Чувак блаженно улыбнулся, как будто я похвалил его дерьмовый костюм, купленный в «Джей-Си-Пенни»[8].
— Когда-то я думал и чувствовал точно так же, брат мой.
— Ты мне не брат, — прошипел я. — И никогда ты так себя не чувствовал. Если бы ты чувствовал себя так, до сих пор из этого не выбрался бы, потому что такое не проходит. И тогда ты точно не стучал бы в чужие двери с придурочной ухмылкой на роже!
— Эй! — воскликнул он встревоженно. — Отпусти меня!
И я сообразил, что схватил его за галстук и притянул к себе так, что мы очутились нос к носу, и я могу разглядеть капельку собственной слюны, которая брызнула чуваку на подбородок. Я увидел, что парню едва-едва перевалило за двадцать и он насмерть перепугался. Я отпустил его и сказал, чтобы он убирался. Чувак слетел со ступенек, словно собака, получившая пинка. Мне стало его жаль, но тут он заорал: «Ублюдок долбаный!» и показал мне средний палец. Должно быть, это выглядело смешно, но мне давно уже не бывает смешно. По крайней мере, теперь у чувака будет собственная история борьбы, которой он сможет поделиться с другими представителями Господними за кофе с пончиком в их священном офисе.

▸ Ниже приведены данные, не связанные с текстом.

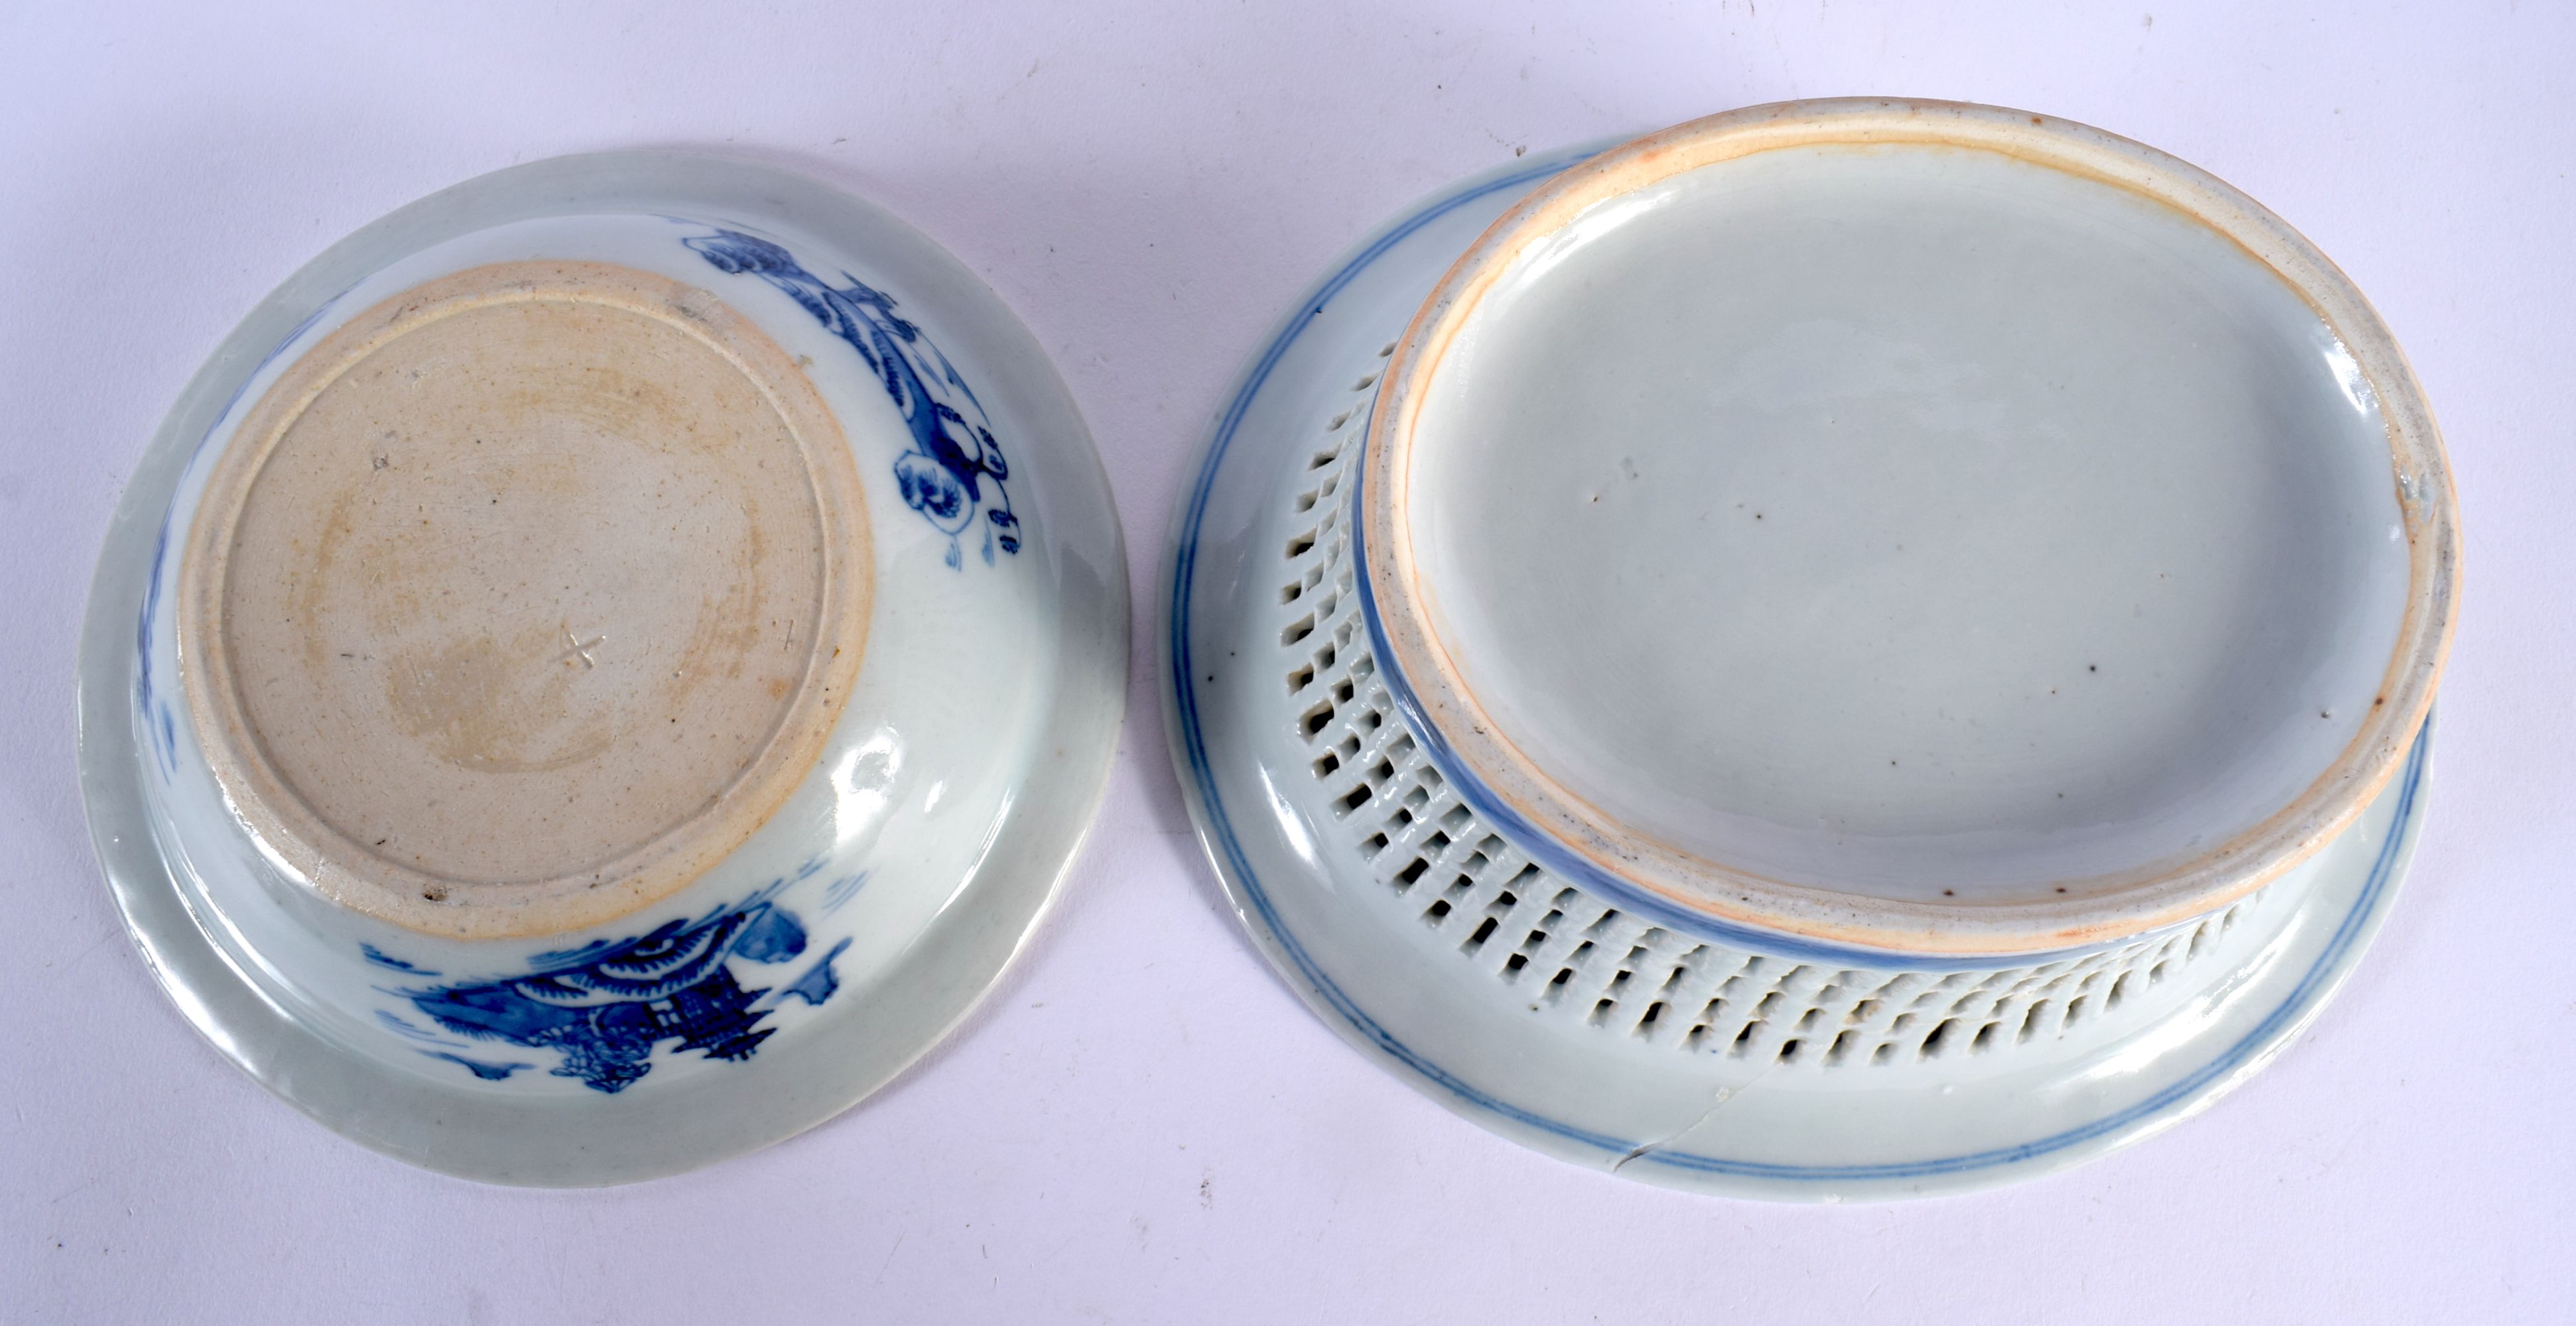 A LARGE 18TH CENTURY CHINESE EXPORT BLUE AND WHITE PORCELAIN DISH together with a basket & pudding b - Image 6 of 6

А на следующий день я пошел в «Хоум Депо» купить лампочек и увидел там парочку примерно моего возраста: они выбирали краску. Девушка была красива и изящна, парень — лысоват и коренаст, оба одеты в хаки. Было видно, что они по уши влюблены друг в друга. Они болтали о комнате, которую собирались красить, обсуждали цвет ковра, диван и породу дерева, из которого был сделан шкаф, где у них стоял телевизор. Девушка захватила с собой шнурок для шторы, чтобы подобрать цвет; Хейли сделала бы точно так же. Я глазел на парочку: они показывали друг другу образцы краски, прикладывали их к шнурку для шторы, и я представил, как эти двое, обнявшись, сидят у себя в комнате, оформленной в серо-коричневых тонах, на пепельно-сером диване и смотрят телевизор. Я думал о том, что завтра они могут потерять друг друга, что один из них или оба они могут умереть раньше, чем высохнет краска на стене. Девушка странно посмотрела на меня, и я осознал, что произнес это вслух. Ее супруг шагнул ко мне, словно собирался затеять драку, хотя, кажется, я уже первый начал. Но тут он сунул руку в карман и протянул мне скомканный носовой платок. Я понял, что плачу.